In dem Rendsburger Fall ist bereits Anklage gegen die beiden Beschuldigten erhoben worden. Für die Justiz handelt es sich um ein «Pilotverfahren», wie der Sprecher der Staatanwaltschaft sagte. Demnach ist zuvor noch kein Fall illegaler Schiffsverschrottung in Deutschland vor Gericht gelandet.

Wegen eines ähnlichen Verdachts ermittelt auch die Hamburger Staatsanwaltschaft seit längerem gegen mehrere Unternehmer. Sie sollen drei Schiffe im Wissen darum verkauft haben, dass diese in Pakistan auf einen ungesicherten Strand gefahren und dort unter umweltgefährdenden Umständen abgewrackt wurden.

In der EU streng geregelt

Formal handelt es sich bei diesem in der Branche «Beaching» genannten Verfahren um Verstöße gegen das Abfallverbringungsgesetz, für die laut Staatsanwaltschaft eine Geldstrafe oder Freiheitsstrafe bis zu fünf Jahren vorgesehen ist. In der EU ist das Abwracken alter Schiffe streng geregelt. Diese dürfen nur in von der EU zertifizierten Einrichtungen recycelt werden; die Anlagen selbst dürfen sich auch außerhalb der Union befinden. Andernfalls wäre ein direkter Export des Schrottschiffes illegal. Das Problem für Ermittler: Sie haben nur Zugriff, wenn sie nachweisen können, dass ein Schiff direkt aus Deutschland in eine nicht zertifizierte Anlage beispielsweise in Asien geschafft wurde. Die oft komplizierten Besitzverhältnisse bei Schiffen können zusätzlich die Ermittlungen erschweren.

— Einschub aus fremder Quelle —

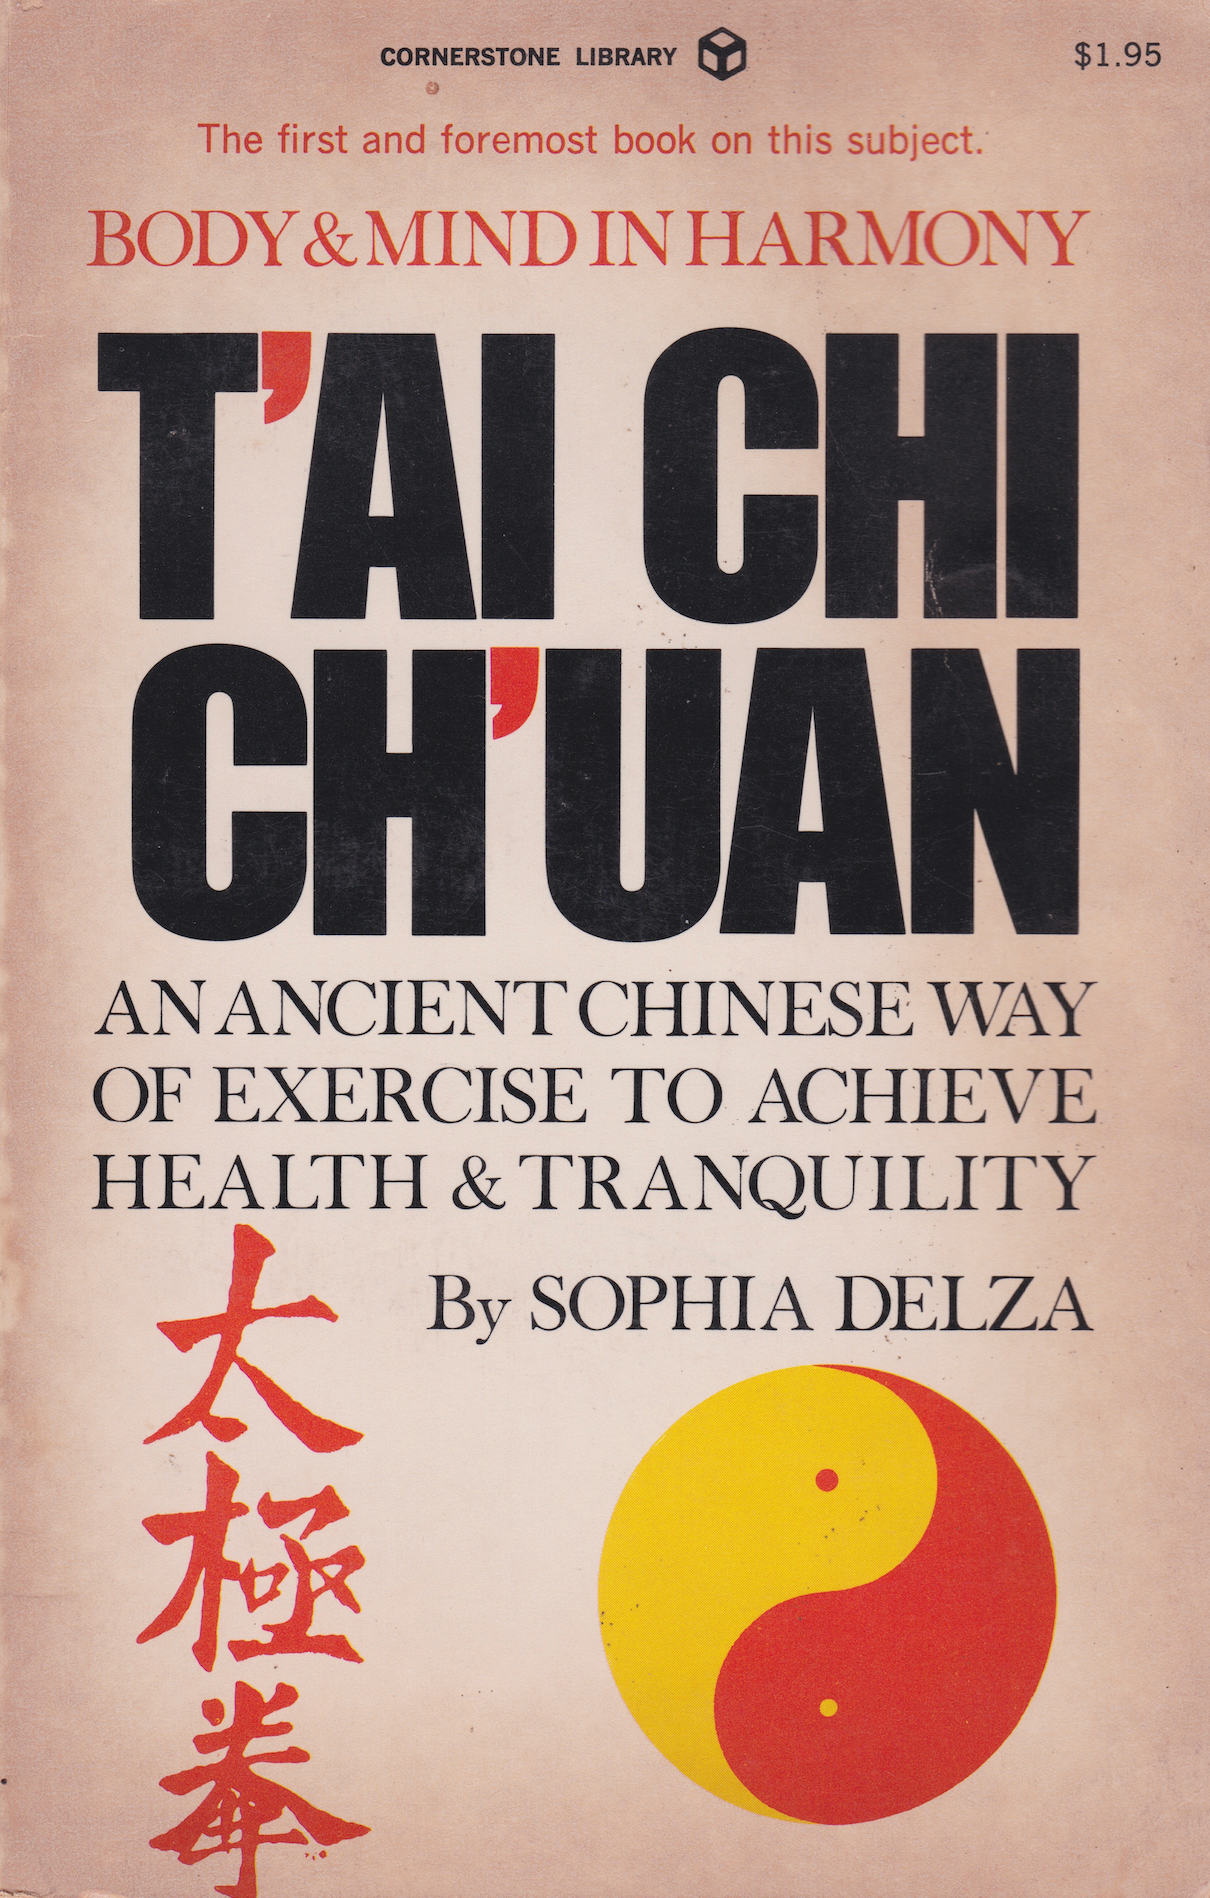 Libro Tai Chi Chuan Cuerpo y mente en armonía de Sophia Delza (tapa dura) (usado)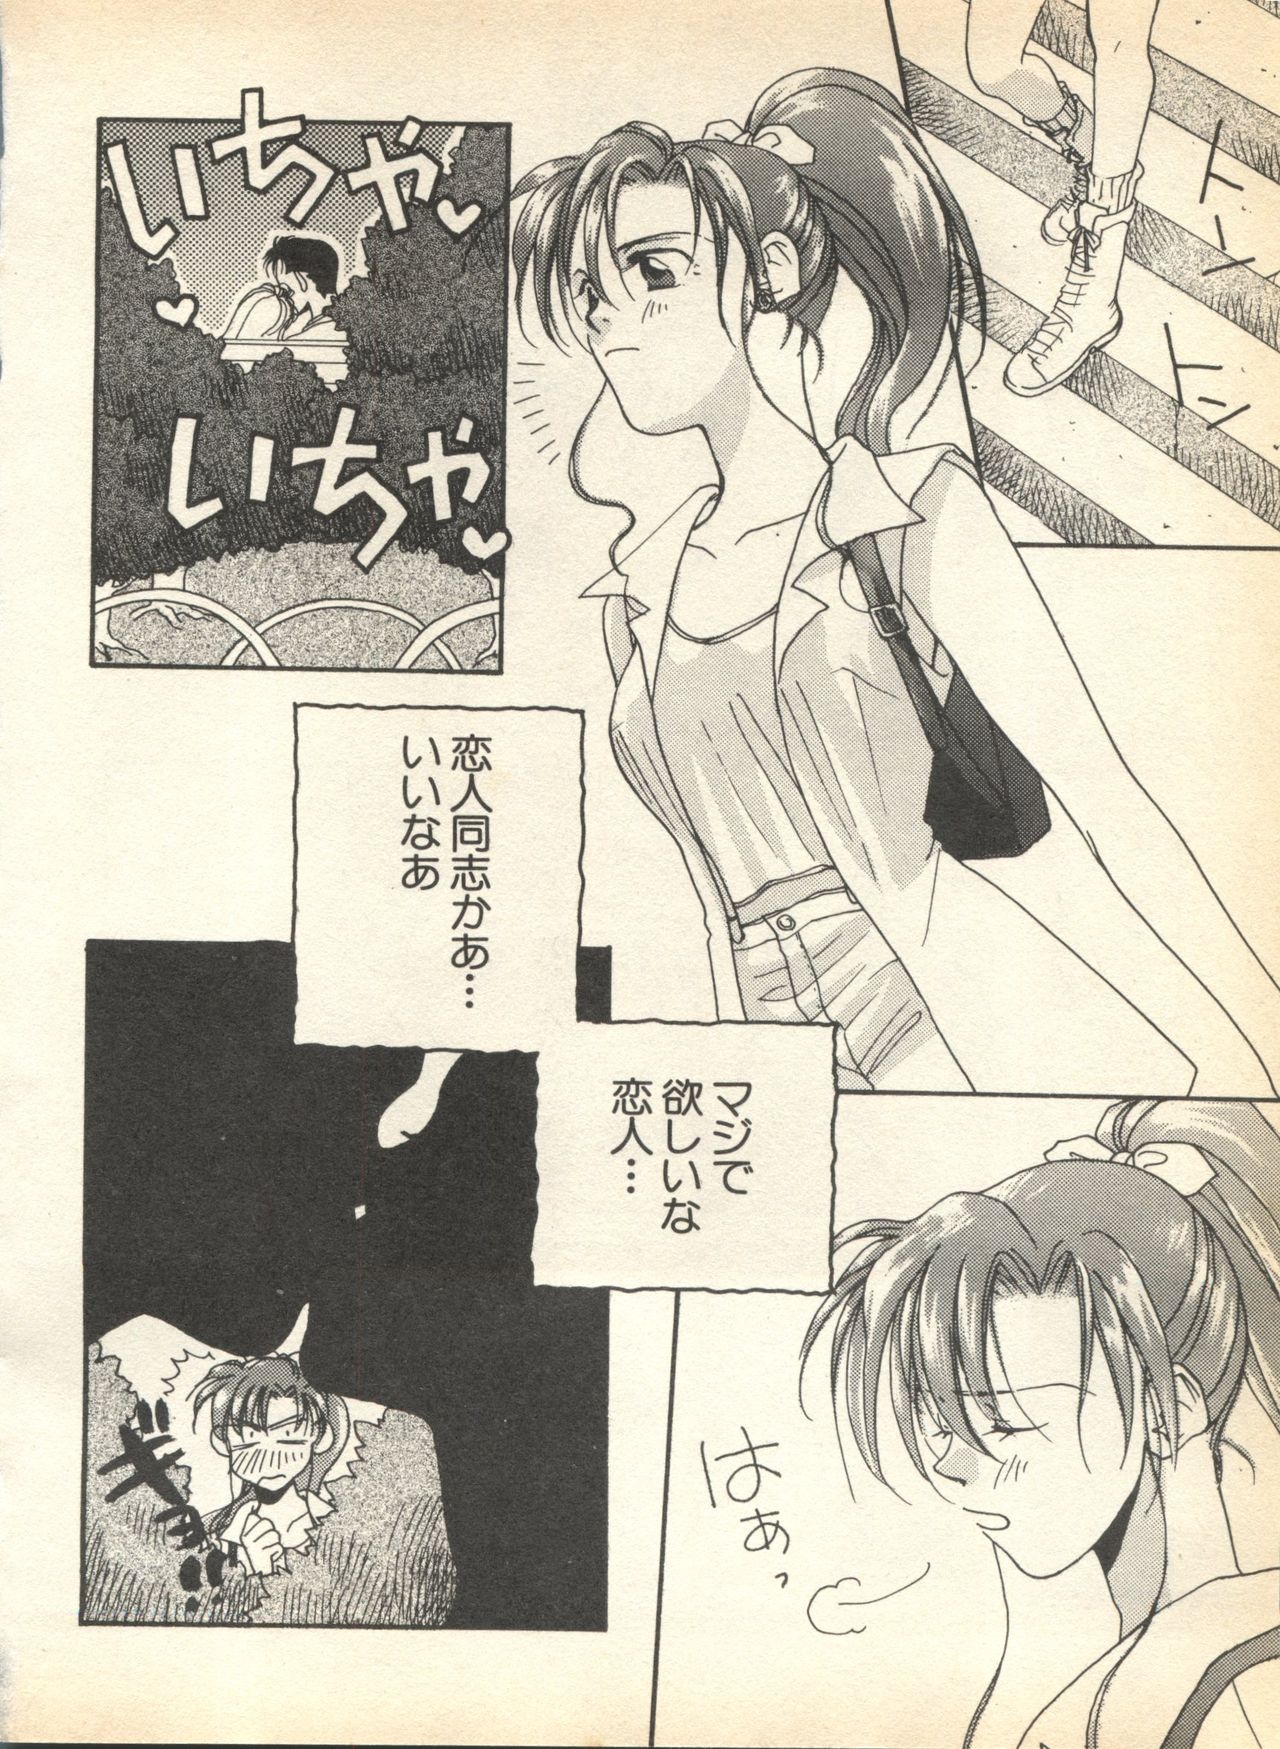 [Anthology] Lunatic Party 7 (Bishoujo Senshi Sailor Moon) 141

Die internationale Nichtregierungsorganisation Shipbreaking Platform prangert seit Jahren Umweltschäden, Menschenrechtsverletzungen, Kinderarbeit, Krankheits- und Todesfälle sowie Unfälle im Zusammenhang mit der Abwrackung von Altschiffen via «Beaching» an. Allein 2021 sind laut der Organisation 583 der größten Tanker, Massengutfrachter, schwimmenden Plattformen, Fracht- und Passagierschiffe an den Stränden Bangladeschs, Indiens und Pakistans gelandet. Alte Schiffe sind – vor allem angesichts der derzeit hohen Stahlpreise – für Schrotthändler ein begehrtes Gut.

Eigentlich sollte das umweltgerechte und sichere Abwracken längst global geregelt sein. Auf dem Papier gibt es schon seit 2009 ein internationales Abkommen darüber, das von Deutschland 2019 ratifiziert wurde. Allerdings tritt diese so genannte Hongkong-Konvention erst in Kraft, wenn mindestens 15 Staaten mit 40 Prozent der weltweiten Handelsflotten-Tonnage beigetreten sind. Mittlerweile sind zwar schon 17 Länder dabei, die aber erst knapp 30 Prozent der Tonnage repräsentieren. Von den – laut Weltschifffahrtsorganisation IMO – Top Fünf der Schiffsrecycler haben mit Indien und der Türkei erst zwei unterzeichnet, Bangladesch, Pakistan und China noch nicht.